Current Medicinal Chemistry ◽

10.2174/0929867324666170426095015 ◽

2018 ◽

Vol 25 (1) ◽

pp. 5-21 ◽

Cited By ~ 25

Author(s):

Ylenia Cau ◽

Daniela Valensin ◽

Mattia Mori ◽

Sara Draghi ◽

Maurizio Botta

Keyword(s):

Protein Interactions ◽

Molecular Mechanisms ◽

Physiological Role ◽

Specific Protein ◽

Protein Protein Interactions ◽

Cellular Processes ◽

Protein Partners ◽

High Sequence Homology ◽

Small Molecule Modulators

14-3-3 is a class of proteins able to interact with a multitude of targets by establishing protein-protein interactions (PPIs). They are usually found in all eukaryotes with a conserved secondary structure and high sequence homology among species. 14-3-3 proteins are involved in many physiological and pathological cellular processes either by triggering or interfering with the activity of specific protein partners.

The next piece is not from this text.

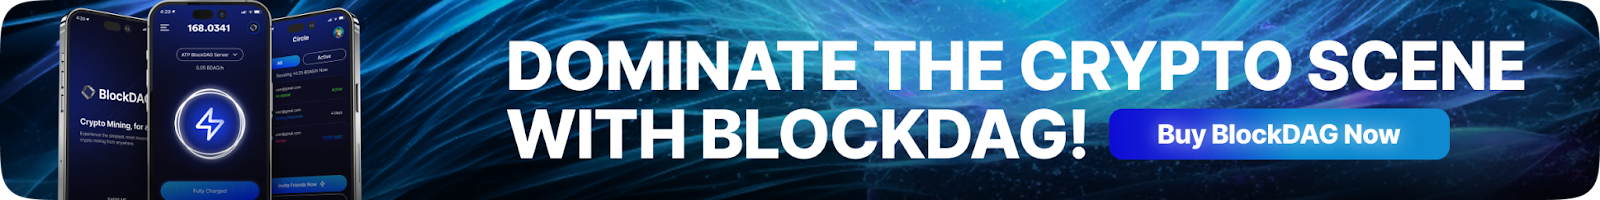 Discover BlockDAG Ecosystem’s Might in BlockDAG’s Latest Ad; Plus Polygon and Ethereum Price Updates 
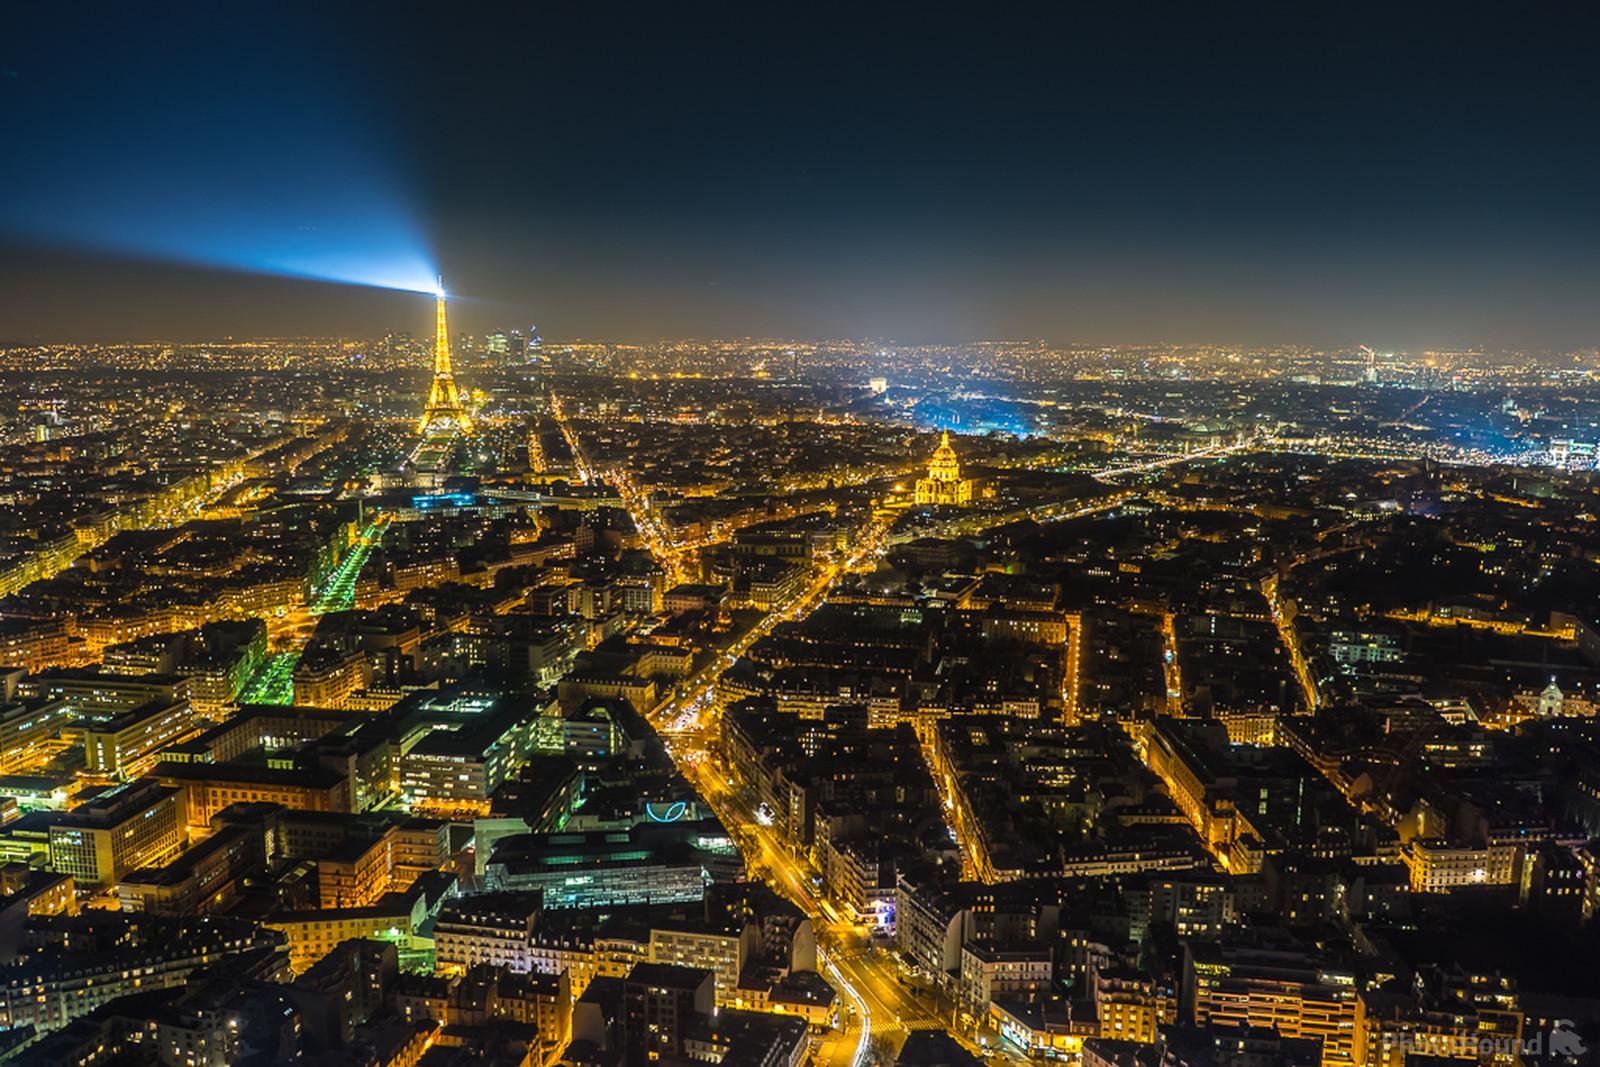 Image of Tour Montparnasse by James Billings.

In the last years, the scientific community has collected many evidences on the role played by seven human 14-3-3 isoforms in cancer or neurodegenerative diseases. Indeed, these proteins regulate the molecular mechanisms associated to these diseases by interacting with (i) oncogenic and (ii) pro-apoptotic proteins and (iii) with proteins involved in Parkinson and Alzheimer diseases. The discovery of small molecule modulators of 14-3-3 PPIs could facilitate complete understanding of the physiological role of these proteins, and might offer valuable therapeutic approaches for these critical pathological states.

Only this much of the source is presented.